Custom AI Chatbot Development with Python

A chatbot you build yourself does things the drag-and-drop platforms never will: it answers from your documents, follows your tone, plugs into your tools, and never charges you per seat. The catch is that most tutorials jump straight to heavyweight frameworks and leave you with a black box you cannot debug. This guide does the opposite. You will build a working chatbot from a single API call, then add the three features that separate a toy from something you can put in front of customers: memory, retrieval, and graceful error handling.

You do not need a machine learning background. The model you will use is already trained and hosted by a provider; your job is to send it the right messages and handle the replies. If you can write a for loop and read a dictionary, you can finish this guide. By the end you will have a runnable chatbot script and a clear map of which child guide to read next for each feature you want to deepen.

This is one section of Building AI-Powered Business Applications. If you are brand new to calling models from Python, read Understanding LLM APIs first to see how requests, keys, and responses fit together.

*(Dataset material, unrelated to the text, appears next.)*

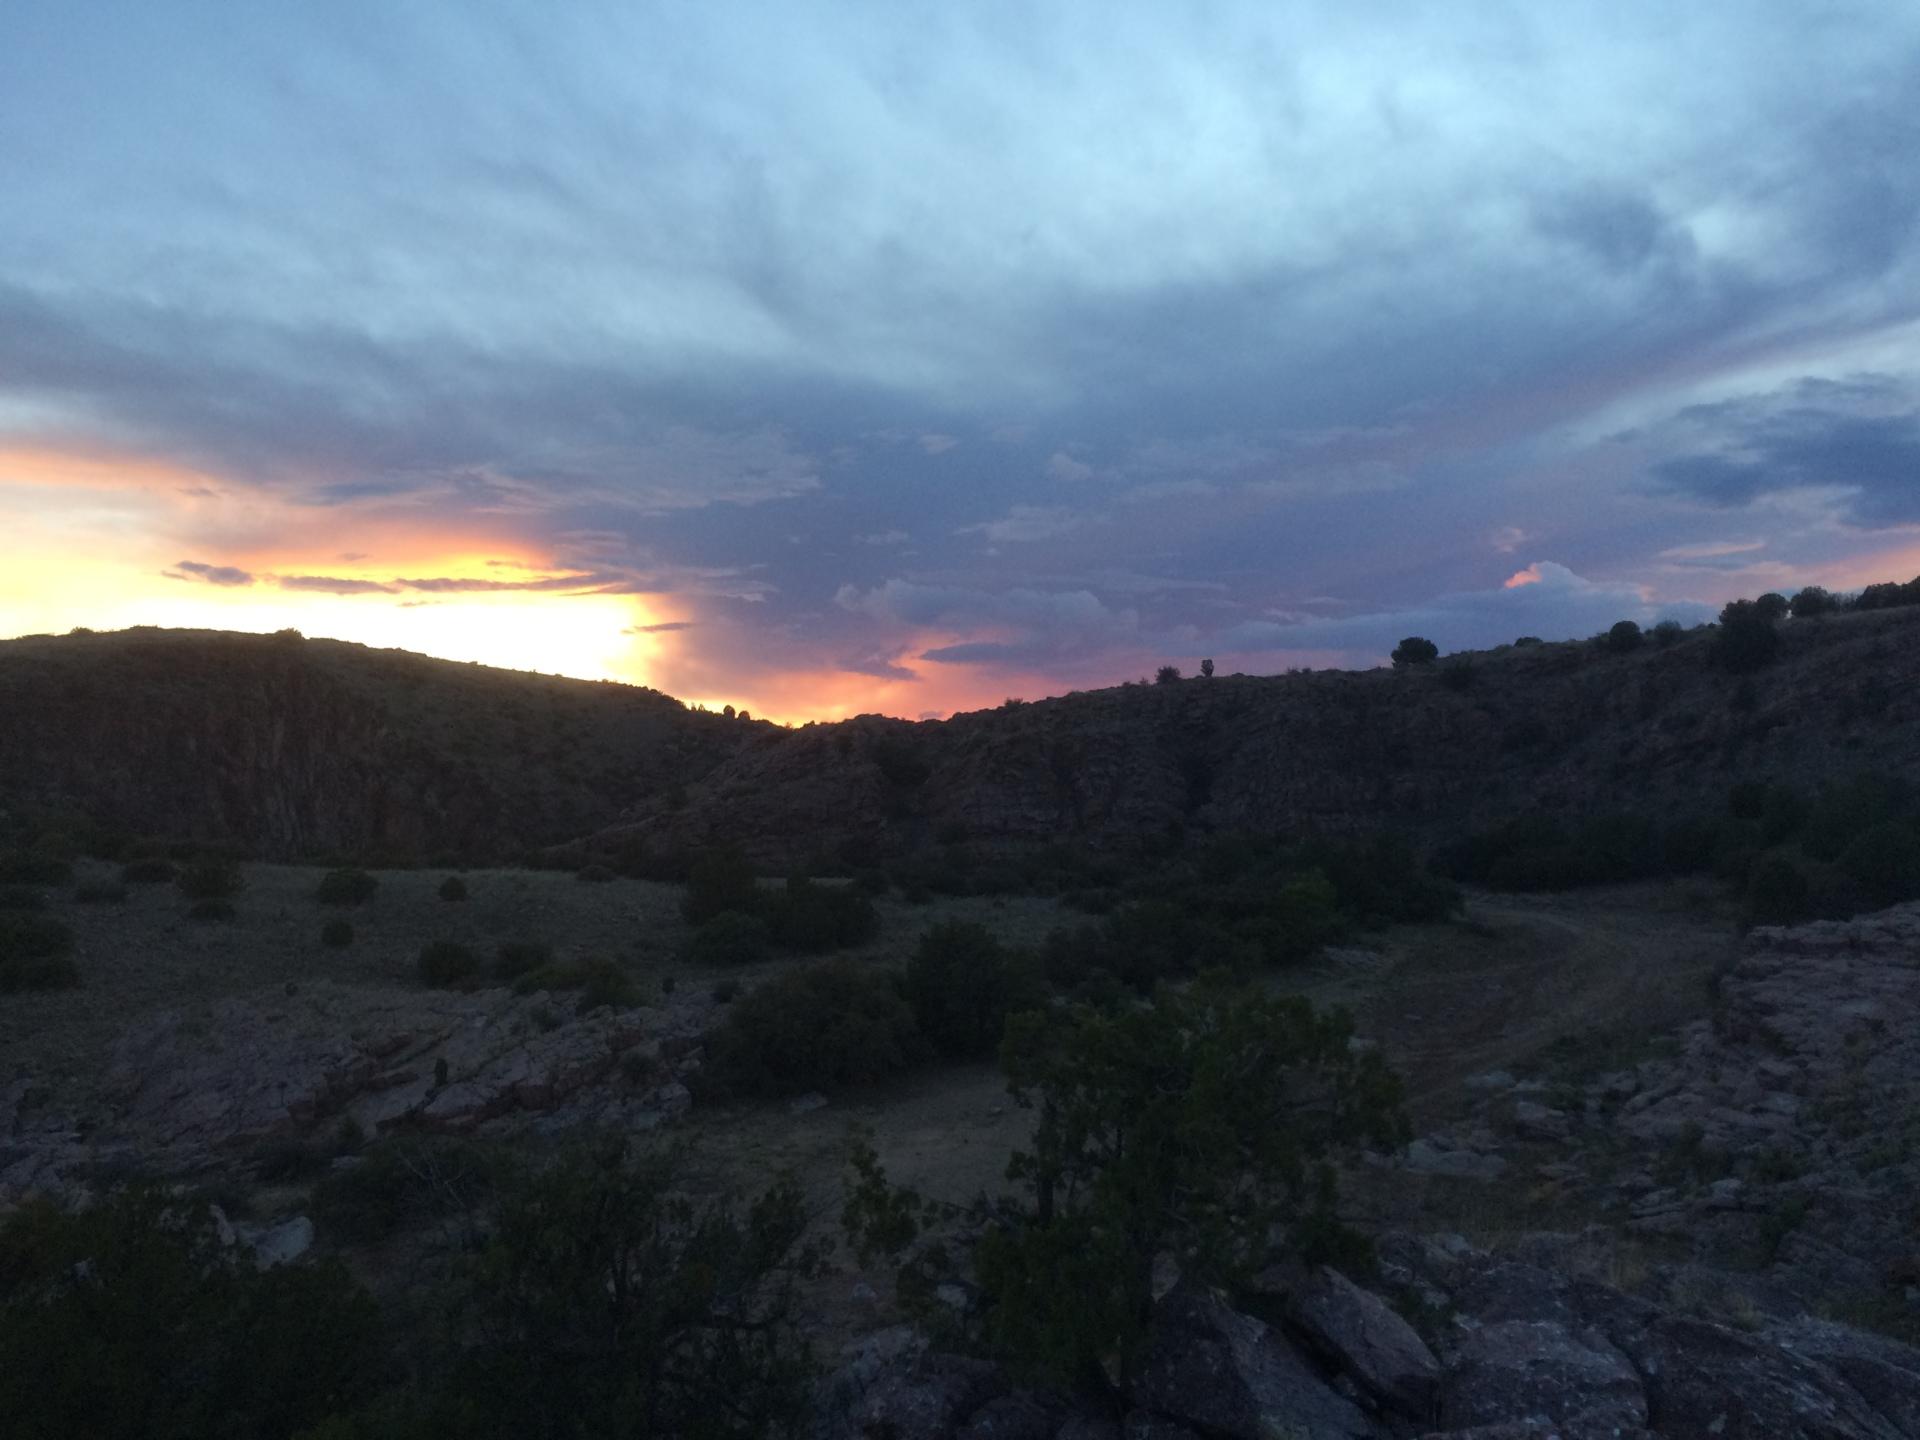 Sunset at Granite Creek, Arizona Backpacking

What a chatbot actually does

Before the code, hold one picture in your head. A chatbot is a loop. The user sends a message, your Python app gathers some context (the conversation so far, maybe a few relevant document snippets), sends all of it to the model, and shows the reply back to the user. Everything else in this guide is just making each part of that loop smarter.

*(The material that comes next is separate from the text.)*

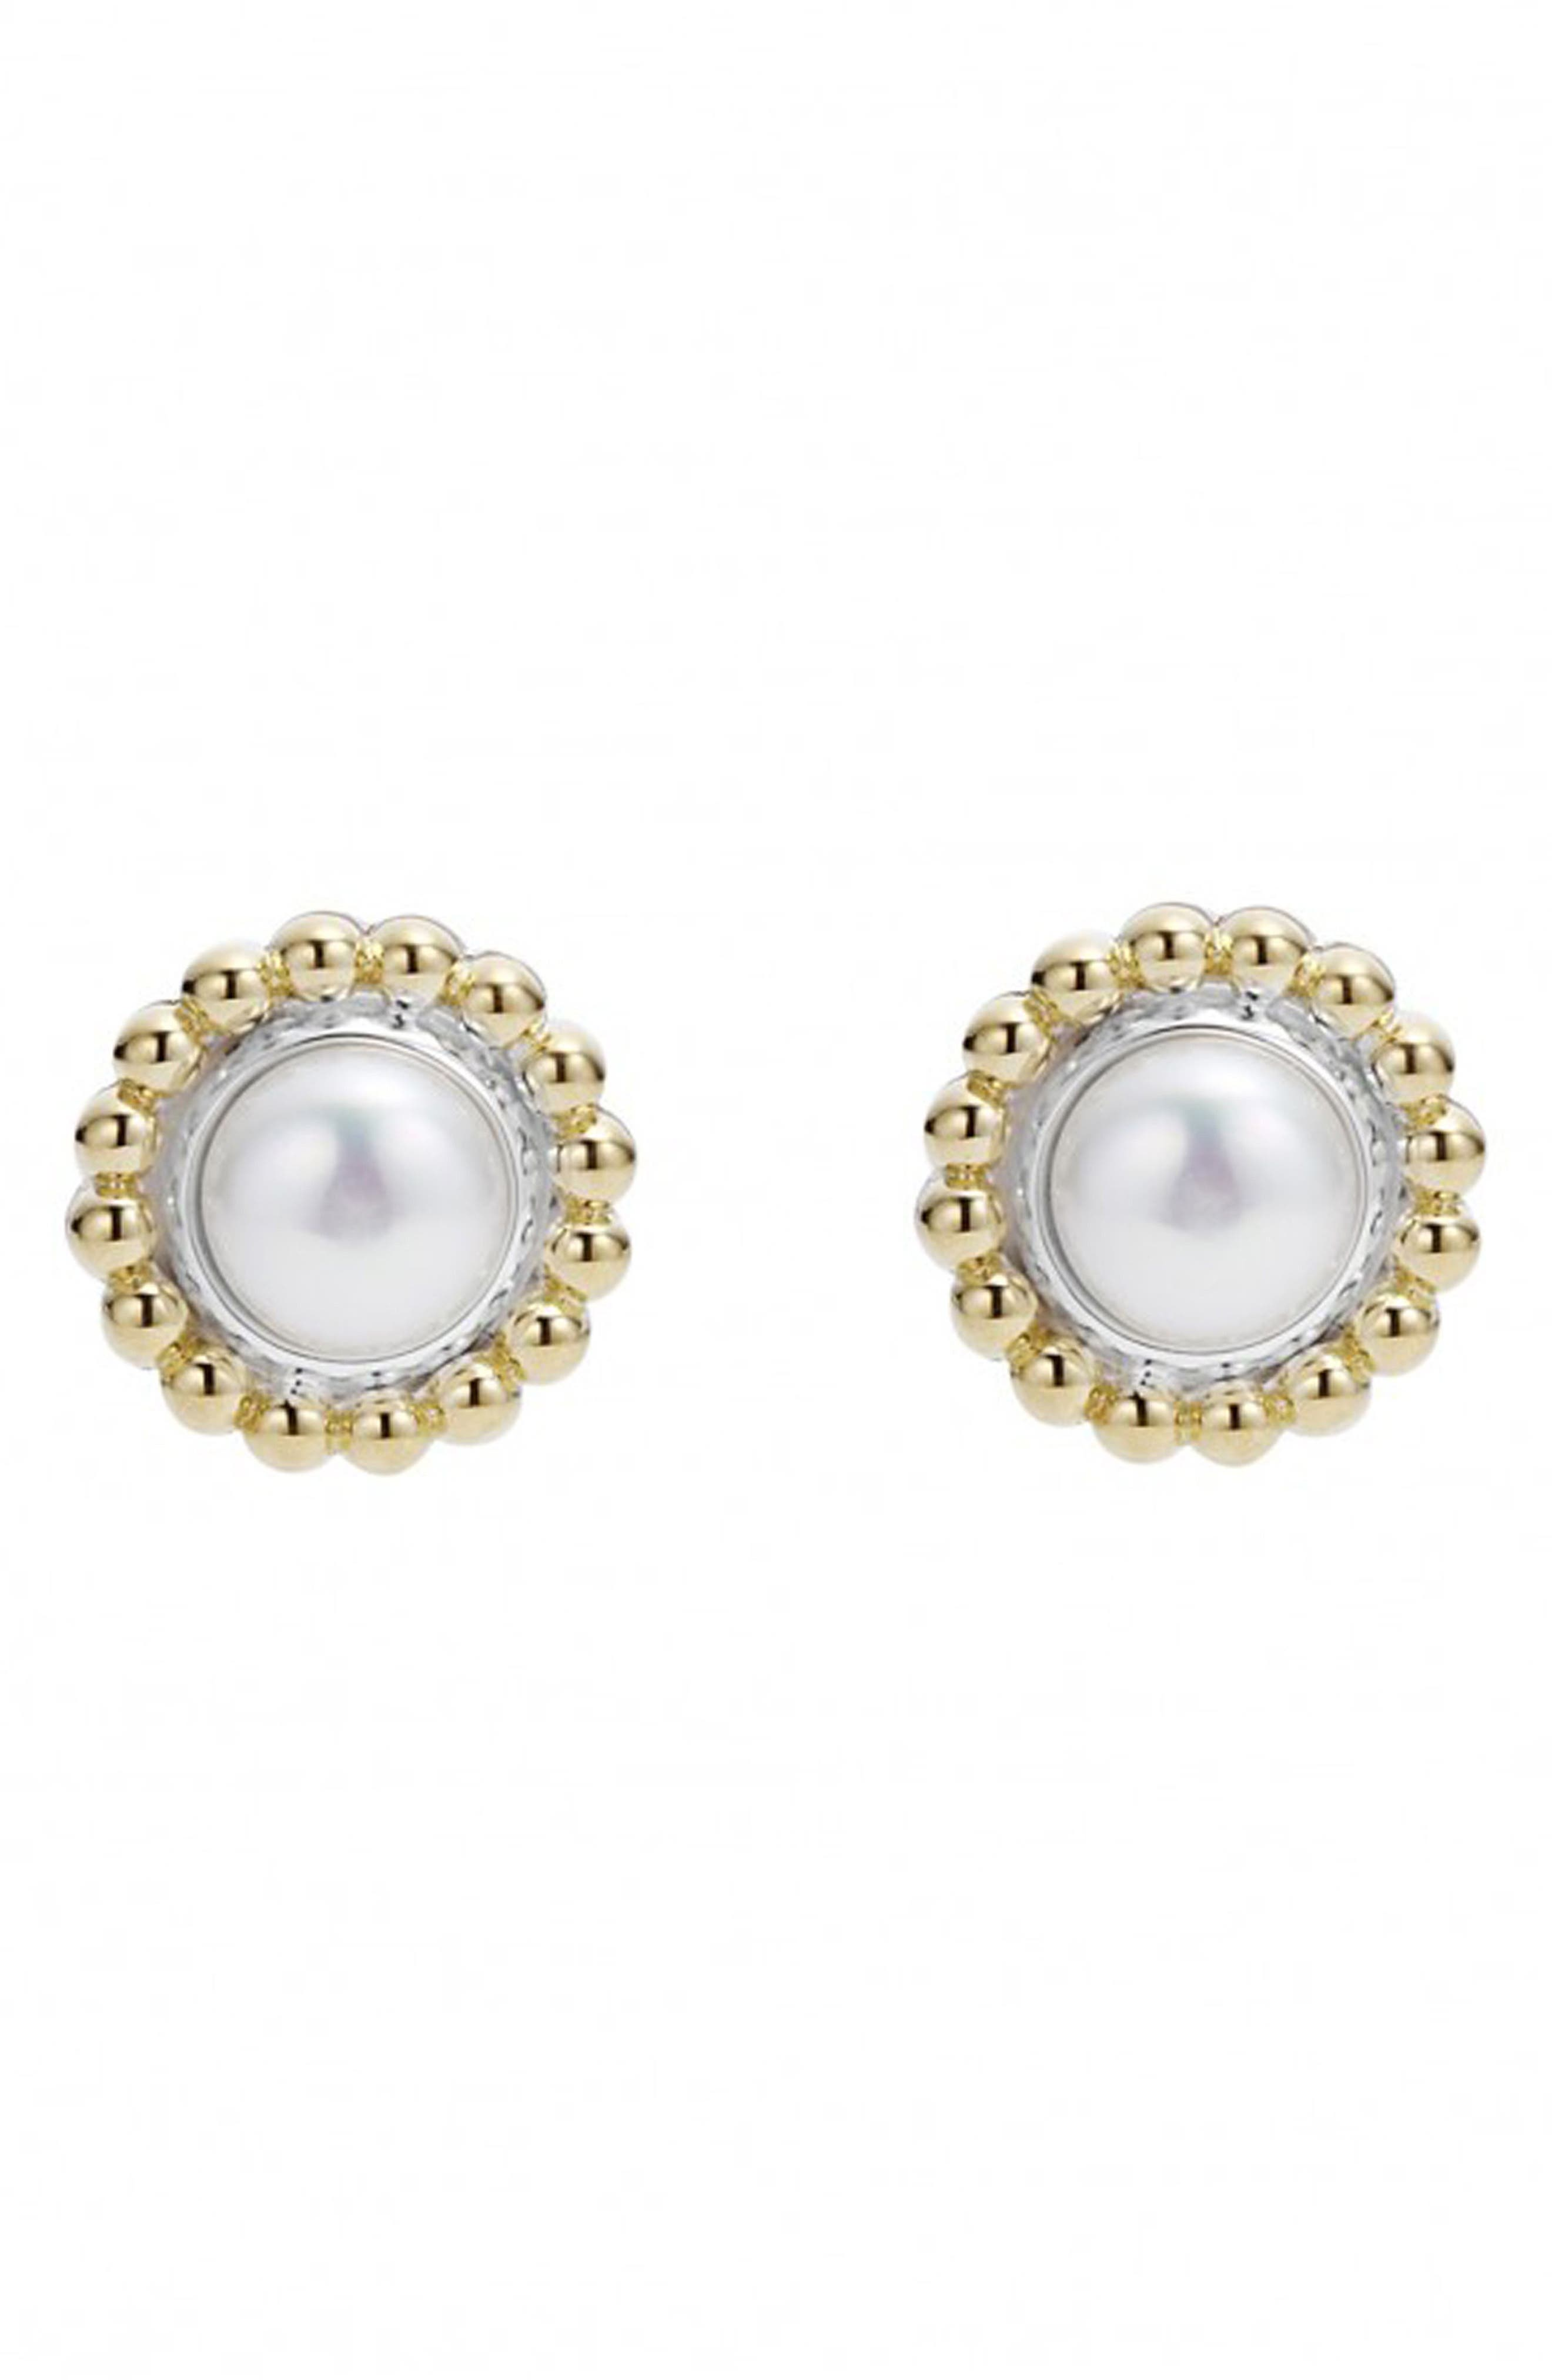 Stone Stud Earrings,                             Alternate thumbnail 2, color,                             PEARL

The single most important thing to understand is that the model is stateless. It has no memory between calls and no live connection to your business. Each API request is a clean slate: it sees only the text you send in that one request and nothing else. That sounds like a limitation, but it is actually freeing, because it means every "smart" feature reduces to the same job — deciding what text to put into the next request. Memory is text you re-send. Retrieval is text you look up and attach. Tools are descriptions of functions you include. Once that clicks, the rest of this guide is mechanical.

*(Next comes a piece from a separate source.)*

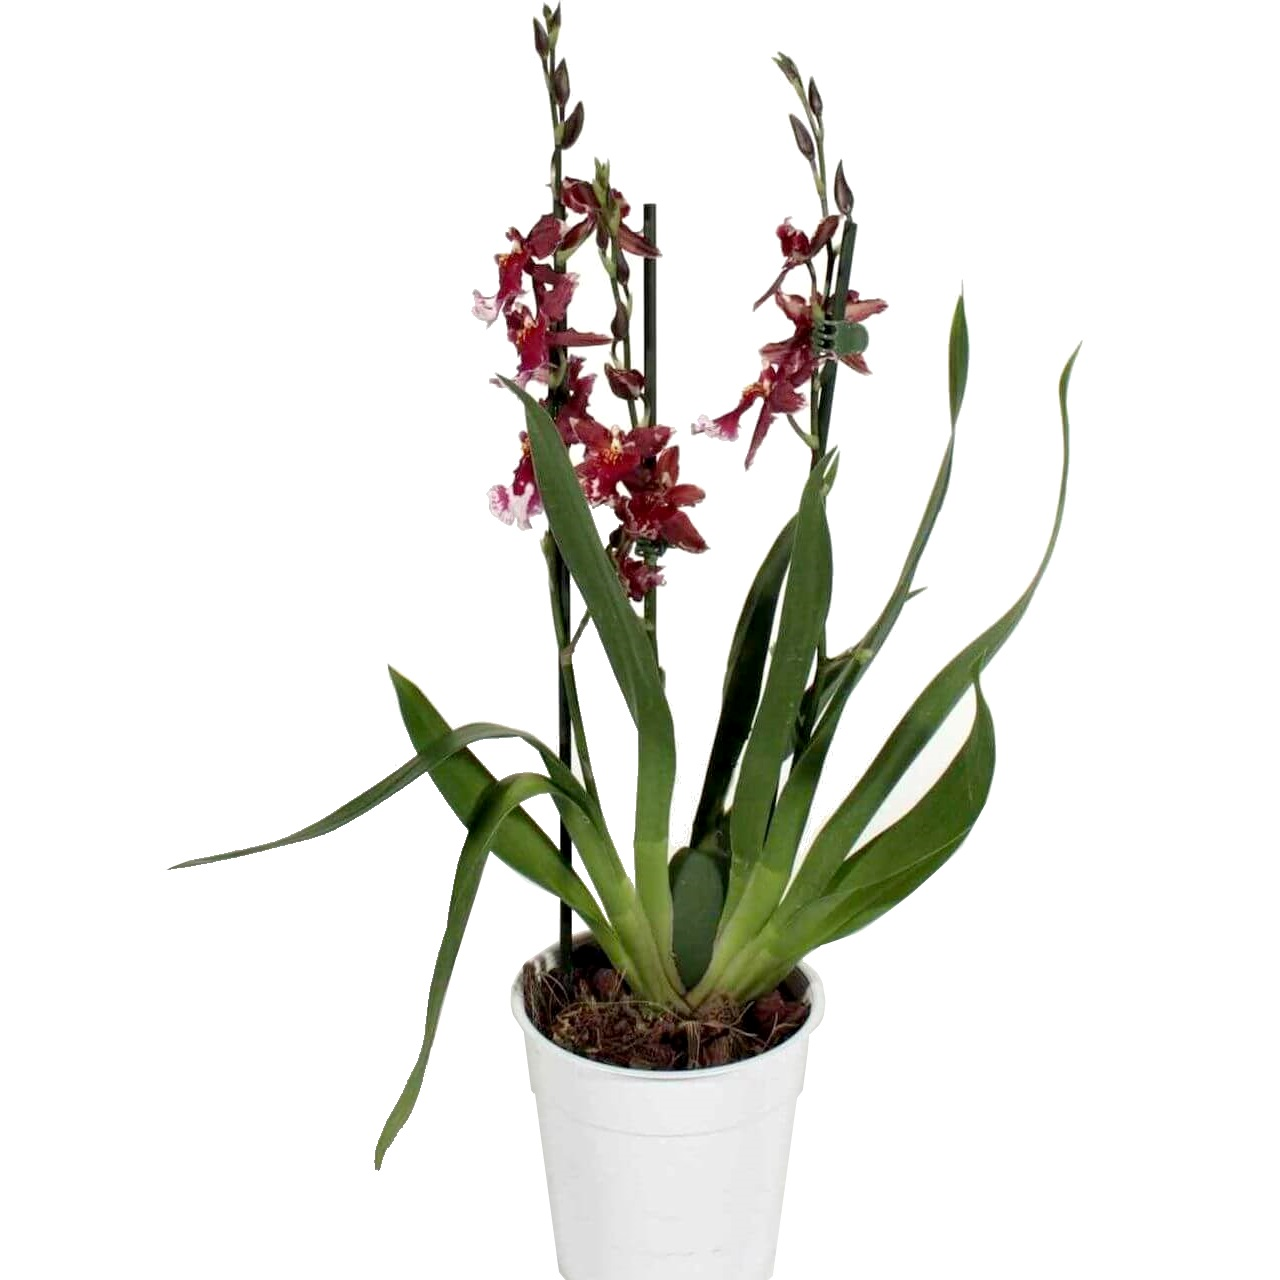 Орхидея Камбрия Буррагеара Лацио

Every chatbot is the same loop: gather context, call the model, return the reply. Memory and retrieval just enrich what you send.

Prerequisites

You need Python 3.10 or newer. Check with python3 --version. If that command fails or shows an older version, follow Setting Up Python for AI first.

Work inside a virtual environment so this project's packages stay isolated from the rest of your system. If virtual environments are new to you, Create a Python Virtual Environment for AI walks through it.

python3 -m venv .venv
source .venv/bin/activate          # Windows: .venv\Scripts\activate
pip install "openai>=1.40" "httpx>=0.27" python-dotenv numpy

You also need an API key from your model provider. Create a .env file in your project folder to hold it so it never gets pasted into code:

# .env
OPENAI_API_KEY=sk-your-real-key-here
CHAT_MODEL=gpt-4o-mini
EMBED_MODEL=text-embedding-3-small

Add .env to your .gitignore immediately so your secret key is never committed to version control. One leaked key can run up a real bill.

echo ".env" >> .gitignore

If a request later fails with an authentication error, Fix the 401 Unauthorized Error in OpenAI Python covers every cause.

Step 1: Send your first chat message

Start with the smallest possible chatbot: one message in, one reply out. The openai SDK reads your key from the environment automatically, so you only describe what you want, not how to authenticate.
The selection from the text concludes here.